Overview

By Kohei Watanabe

The examples in the previous tutorials use a corpus of English texts, but we can easily analyze texts in other languages. Thanks to the creation of the stringi package and the recent development in International Component for Unicode (ICU), we can process all the major languages in Unicode.

require(quanteda)
require(quanteda.corpora)
options(width = 110)

The corpus data_corpus_udhr contains the Universal Declaration of Human Rights in over 400 languages. We can process European languages (English and German), but also Middle Eastern (Arabic and Hebrew) and East Asian (Chinese and Japanese) languages appropriately. First, we will subset languages relevant for the following tutorial pages.

corp <- data_corpus_udhr[c("eng", "deu_1996", "arb", "heb", "cmn_hans", "jpn")]
print(corp)
## Corpus consisting of 6 documents and 4 docvars.
## eng :
## "Preamble Whereas recognition of the inherent dignity and of ..."
## 
## deu_1996 :
## "Präambel Da die Anerkennung der angeborenen Würde und der gl..."
## 
## arb :
## "الديباجة لمّا كان الاعتراف بالكرامة المتأصلة في جميع أعضاء ا..."
## 
## heb :
## "הכרזה לכל באי עולם בדבר זכויות האדם הואיל והכרה בכבוד הטבעי ..."
## 
## cmn_hans :
## "序言 鉴于对人类家庭所有成员的固有尊严及其平等的和不移的权利的承认,乃是世界自由、正义与和平的基础, 鉴于对人权的无视和..."
## 
## jpn :
## "〈前文〉 人類社会のすべての構成員の固有の尊厳と平等で譲ることのできない権利とを承認することは、世界における自由、正義及..."

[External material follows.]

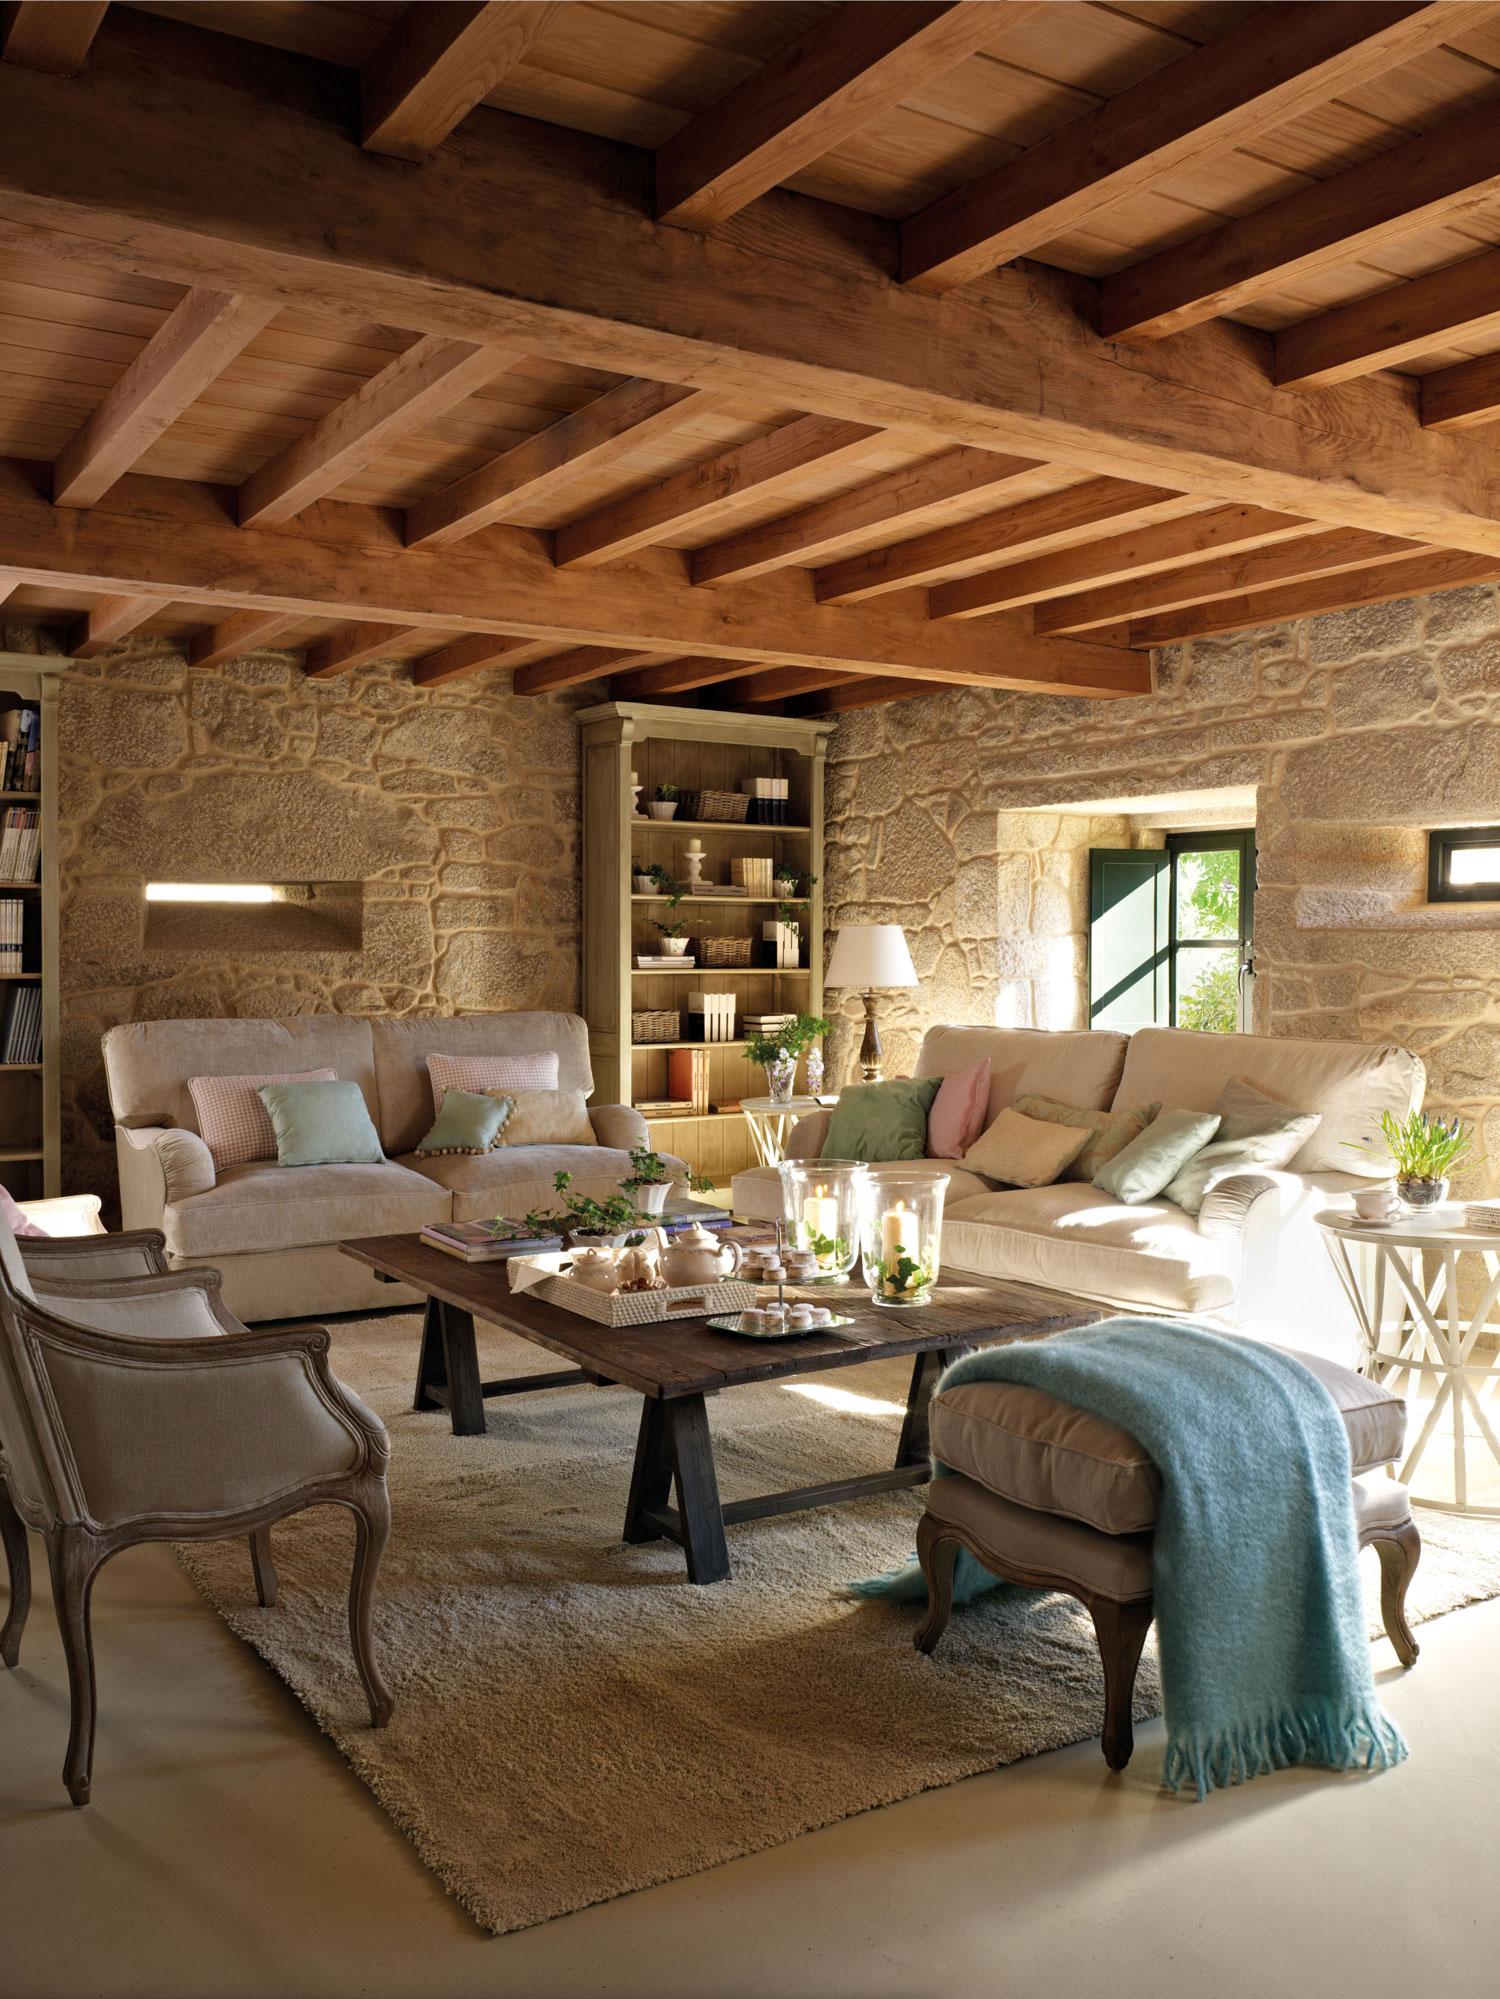 00315219. Salón con paredes de piedra y vigas de madera con sofás, butacas, puf y librerías_00315219
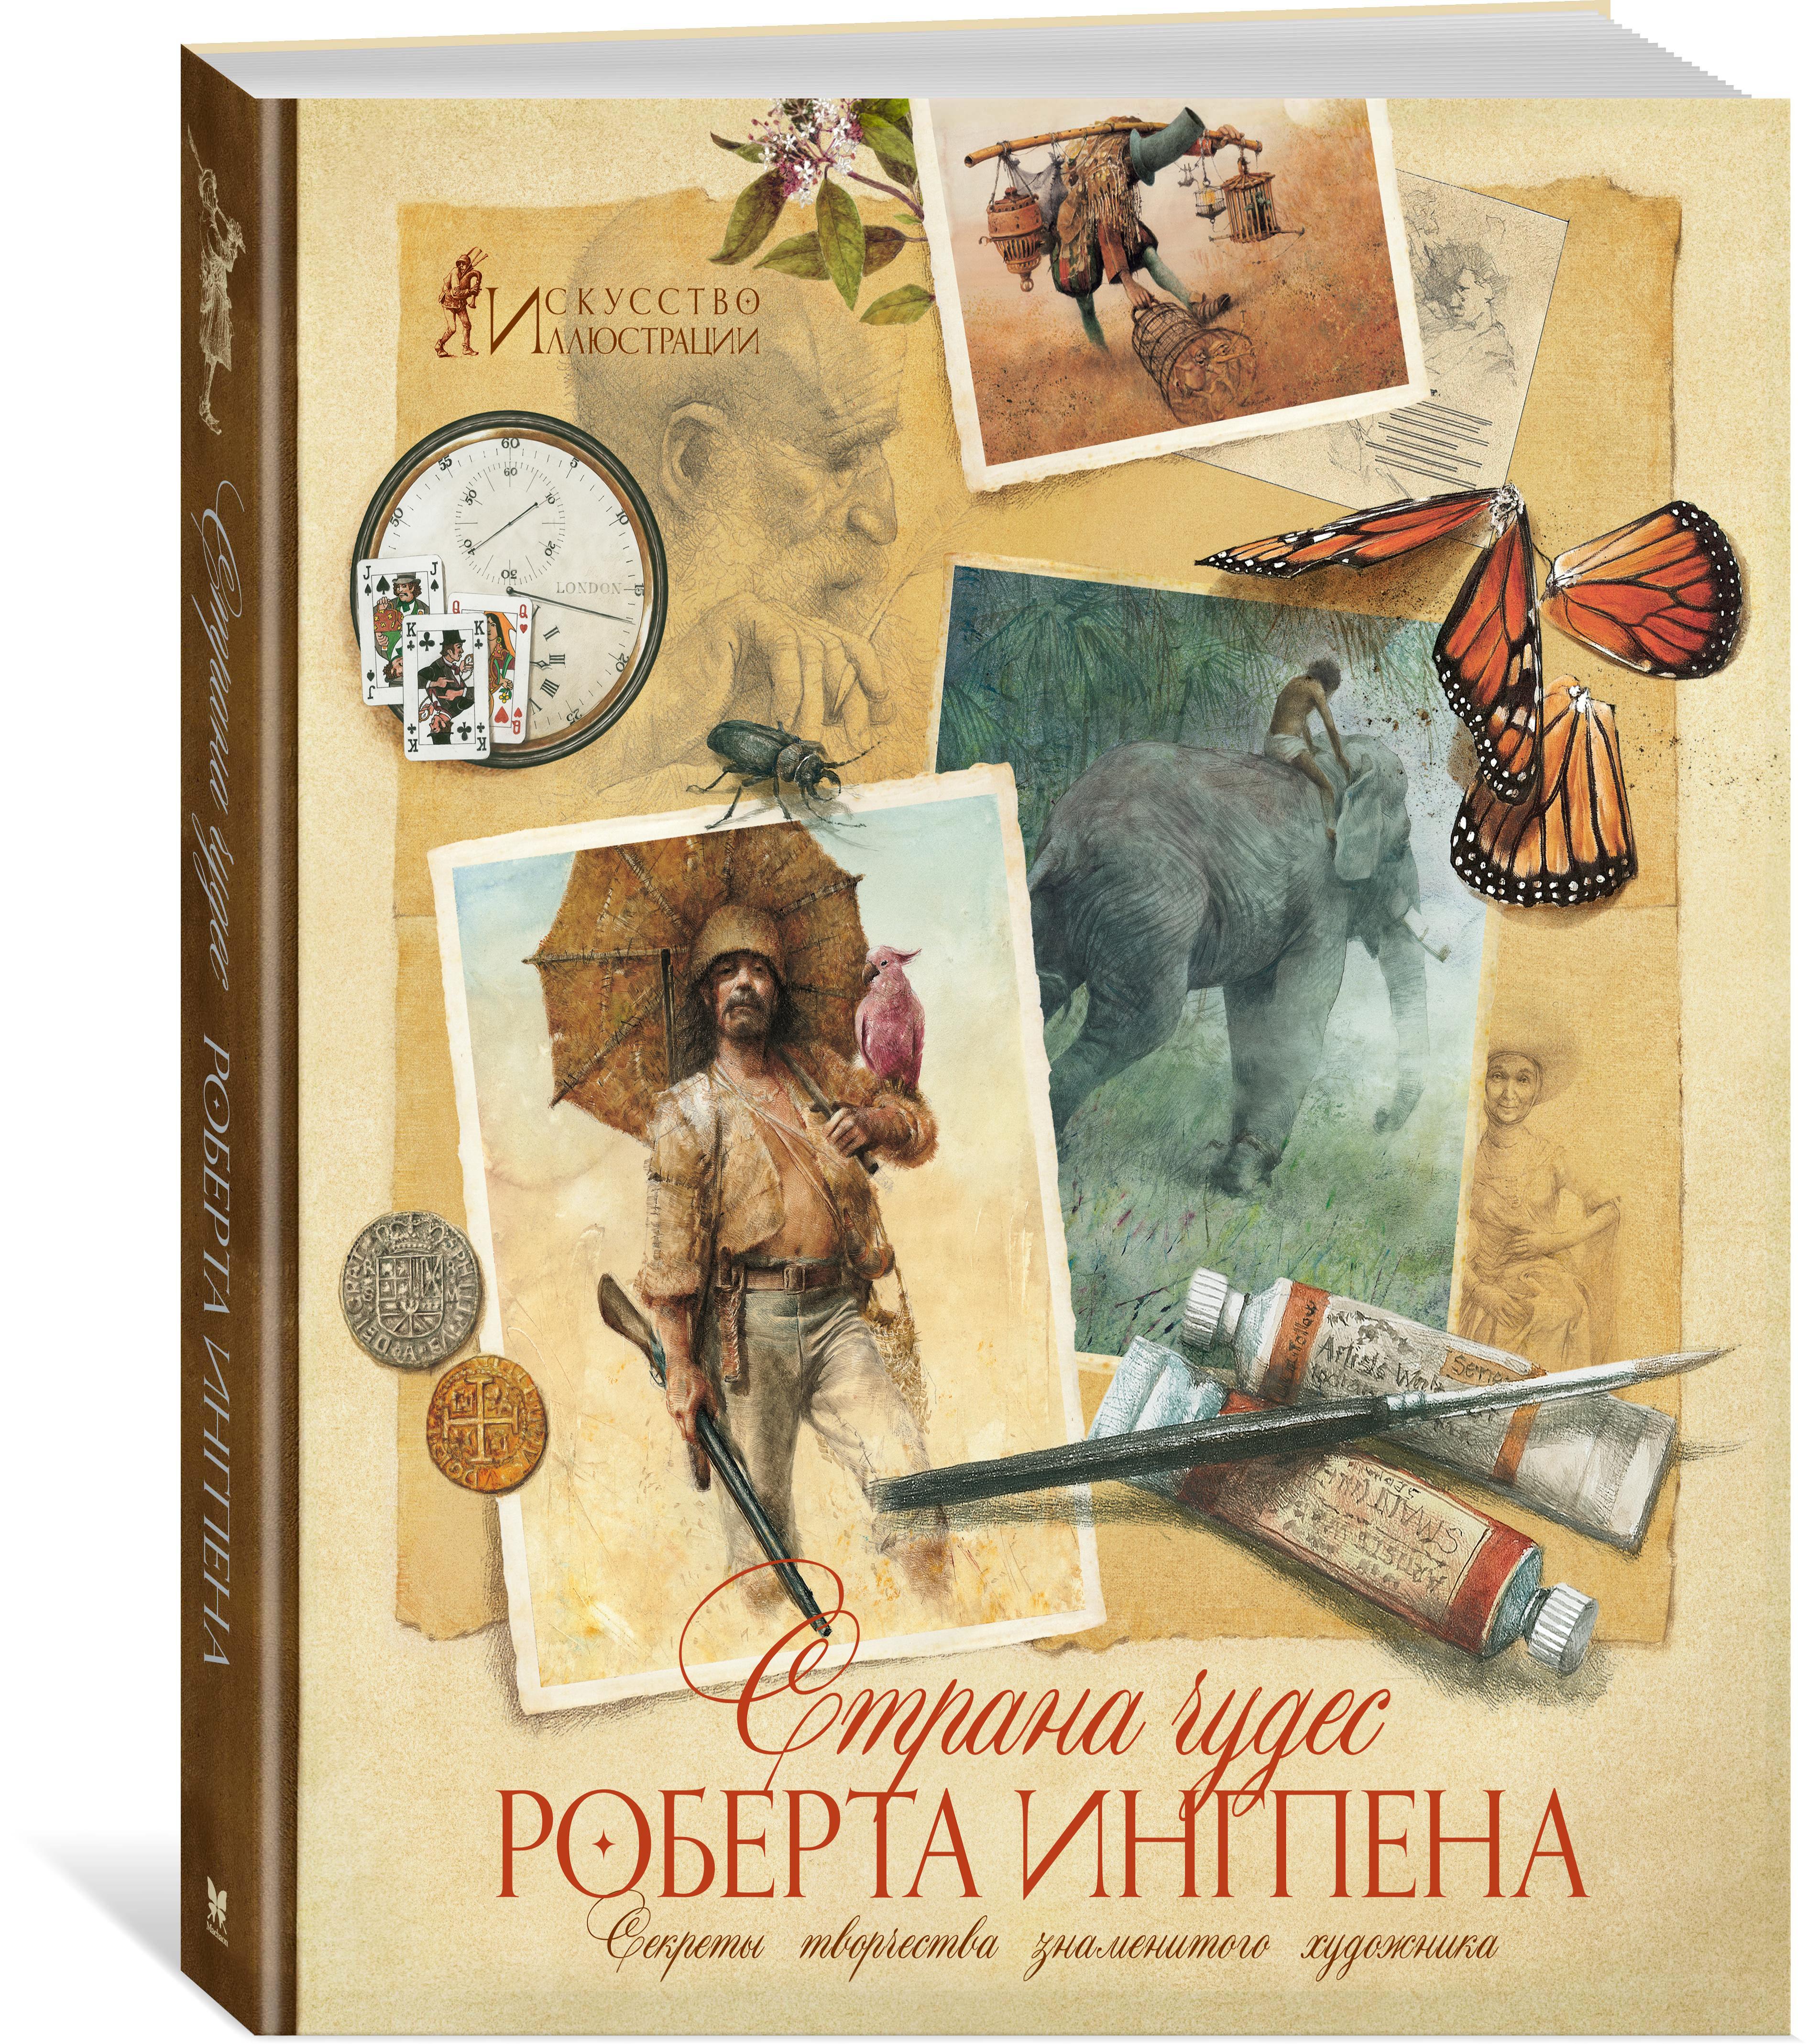 Роберт Ингпен Страна чудес Роберта Ингпена. Секреты творчества знаменитого художника. Искусство иллюстрации

Words are segmented by the white space or punctuation marks in the first four languages (English, German, Arabic, Hebrew), but they are not in the last two languages. For this reason, morphological analysis tools such as Jieba or Mecab have been used for tokenizing Chinese and Japanese texts, but tokens() does not require such tools. The ability to tokenize texts in different languages makes it possible to perform multilingual quantitative text analysis.

toks <- tokens(corp)
print(toks)
## Tokens consisting of 6 documents and 4 docvars.
## eng :
##  [1] "Preamble"    "Whereas"     "recognition" "of"          "the"         "inherent"    "dignity"    
##  [8] "and"         "of"          "the"         "equal"       "and"        
## [ ... and 1,889 more ]
## 
## deu_1996 :
##  [1] "Präambel"         "Da"               "die"              "Anerkennung"      "der"             
##  [6] "angeborenen"      "Würde"            "und"              "der"              "gleichen"        
## [11] "und"              "unveräußerlichen"
## [ ... and 1,801 more ]
## 
## arb :
##  [1] "الديباجة" "لمّا"      "كان"      "الاعتراف" "بالكرامة" "المتأصلة" "في"       "جميع"     "أعضاء"   
## [10] "الأسرة"   "البشرية"  "وبحقوقهم"
## [ ... and 1,409 more ]
## 
## heb :
##  [1] "הכרזה"  "לכל"    "באי"    "עולם"   "בדבר"   "זכויות" "האדם"   "הואיל"  "והכרה"  "בכבוד"  "הטבעי" 
## [12] "אשר"   
## [ ... and 1,459 more ]
## 
## cmn_hans :
##  [1] "序言" "鉴于" "对"   "人类" "家庭" "所有" "成员" "的"   "固有" "尊严" "及其" "平等"
## [ ... and 1,701 more ]
## 
## jpn :
##  [1] "〈"     "前文"   "〉"     "人類"   "社会"   "の"     "すべて" "の"     "構成"   "員"     "の"    
## [12] "固有"  
## [ ... and 2,415 more ]

This chapter explains how to preprocess these languages before constructing a DFM. Once a DFM is constructed, we can perform the statistical analysis and machine learning techniques, largely ignoring syntactical and lexical differences between languages.

tokens() tokenizes Chinese and Japanese texts using a dictionary in the ICU library. The library also detects boundaries between words and other elements such symbols and numbers. This is why the function separates punctuation marks from words even without the white space between them.